The film lets this impact fully felt by taking Charulata’s viewpoint. From the first pictures onward, she is present in most scenes, often shot in dramatic lights or compositions (the camera relishes in moving swiftly or taking a bold, surprising angle), the camera intently focusing on her beautiful face, with a few POV shots letting the audience see the world through her cherished little pair of binoculars, in particular during that delicious afternoon in the garden, when she looks at Amal in a fresh way, but also pays a sad attention to a neighbor playing with a baby – a poignant reminder her married life is still childless, somehow unfulfilled.

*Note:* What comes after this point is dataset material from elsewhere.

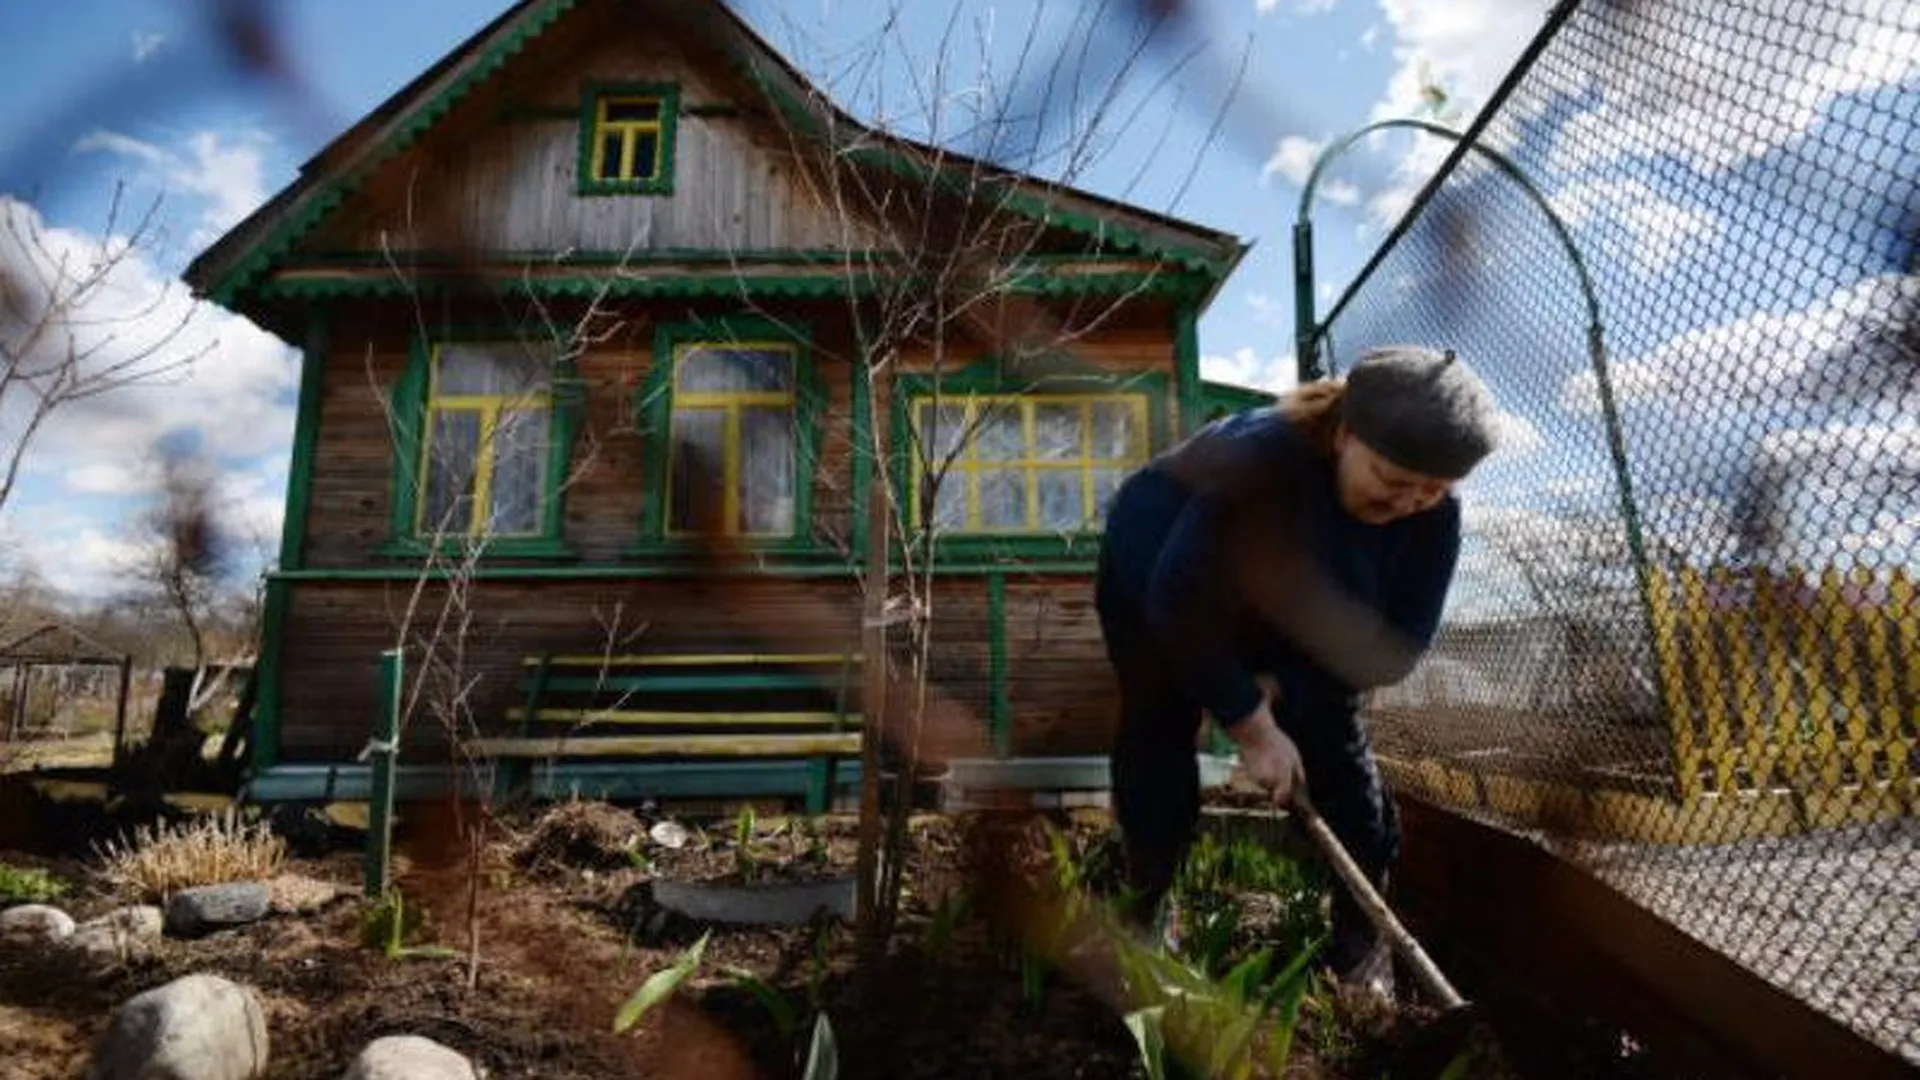 Бабушка-москвичка лишилась сбережений из-за лживых обещаний директора стройфирмы отремонтировать ее дачу

“Charulata” is the detailed and elegant examination of a wonderful woman left alone in a corner of a magnificent house and at the fringe of a changing society (the scenes focusing on Bhupati capture the excitement among the Bengal elite about the possibility of changing India) but who becomes increasingly aware and proud of her sensibilities. Love and literature blend to help her assert her personality and her right to happiness and success – at the risk of breaking the nest she has conventionally built with Bhupati. “A broken nest” is actually the title of the short story written by Rabindranath Tagore that director Satyajit Ray is adapting here. He ends his film with a brief series of still images that underlines the harrowing situation Charulata and Bhupati must deal with. Time has stopped and fate is yet to take shape – but whether the wife and husband relation can be mended remains unclear; after all, despite her generosity, as she firmly extends her hand to her husband, Charulata is no longer the quiet wife who just embroiders things. She has found ways to be as independent and strong as her country reckons to become one day.